*** Opening COLLECTED MATERIAL ***

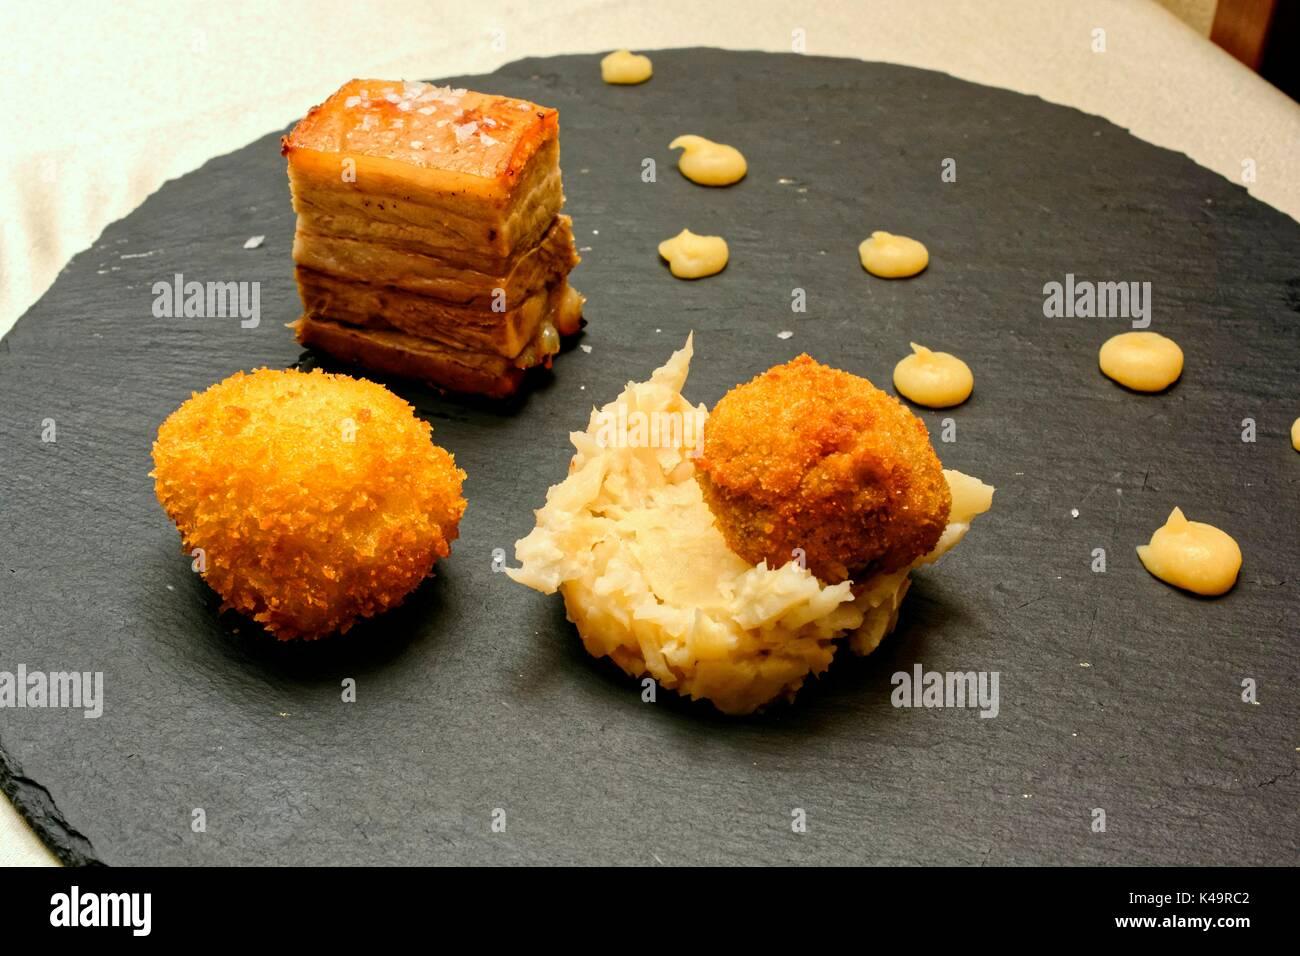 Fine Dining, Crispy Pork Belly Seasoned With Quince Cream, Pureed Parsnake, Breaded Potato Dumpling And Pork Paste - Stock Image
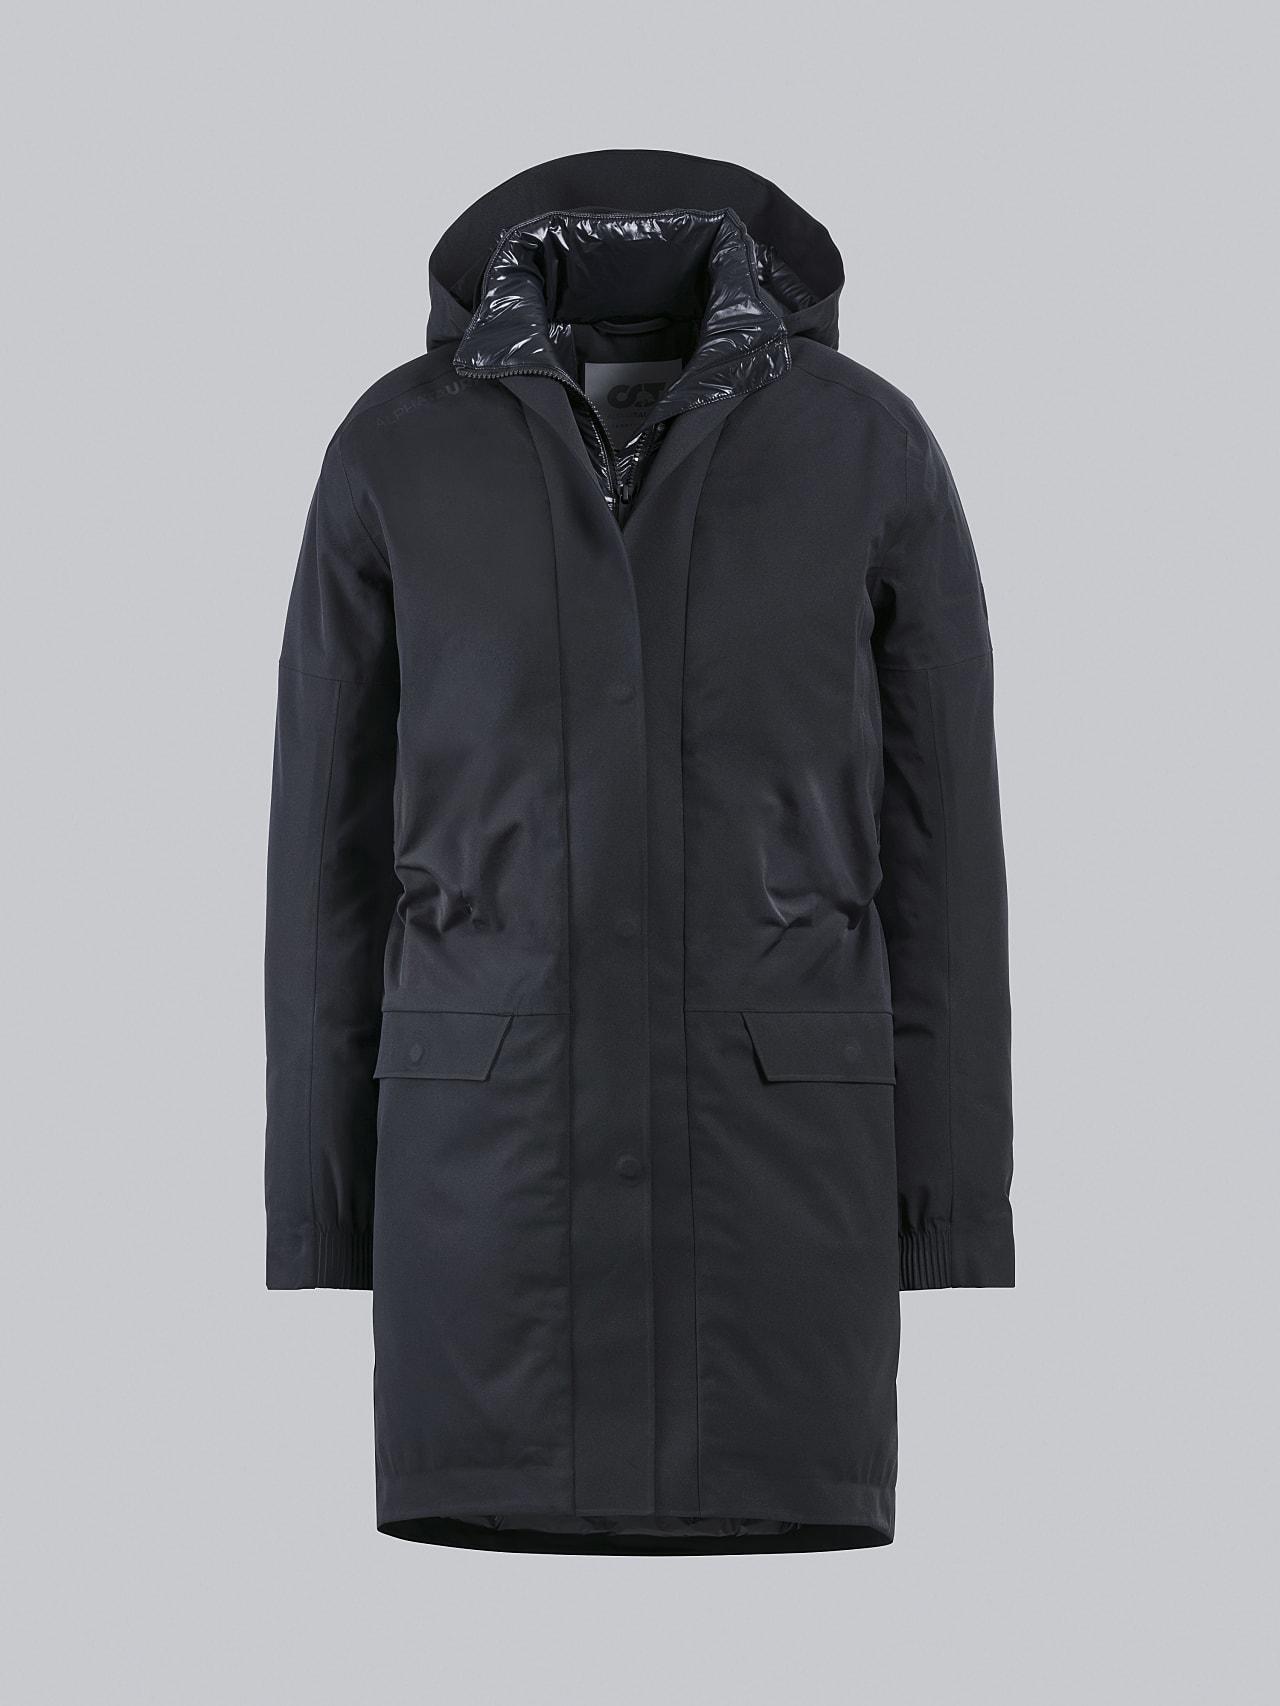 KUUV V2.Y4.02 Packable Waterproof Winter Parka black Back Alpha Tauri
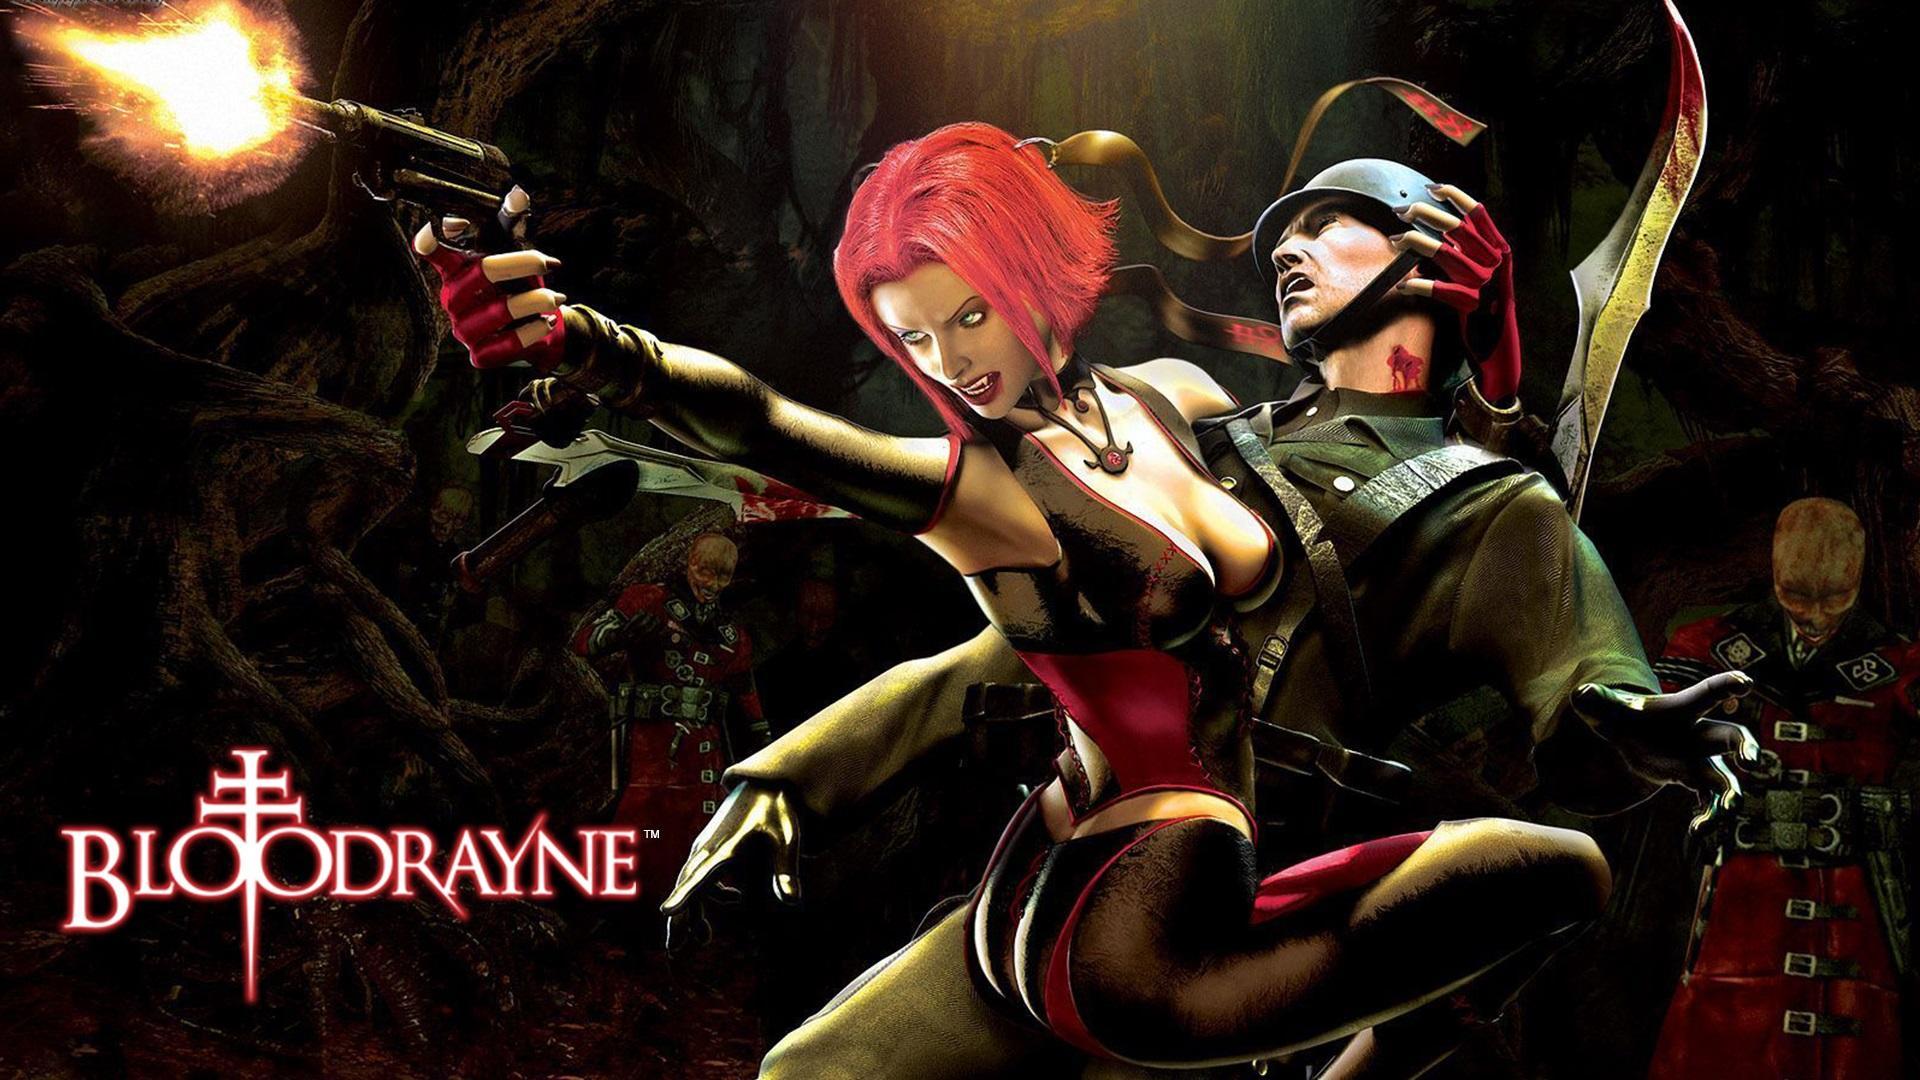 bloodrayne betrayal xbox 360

*** Closing COLLECTED MATERIAL ***

INSTRUCTIONS FOR THE TASK: Type out the data above again exactly as written, minus the images.

ANSWER TO THE EXERCISE:
 Fine Dining, Crispy Pork Belly Seasoned With Quince Cream, Pureed Parsnake, Breaded Potato Dumpling And Pork Paste - Stock Image
 KUUV V2.Y4.02 Packable Waterproof Winter Parka black Back Alpha Tauri
 bloodrayne betrayal xbox 360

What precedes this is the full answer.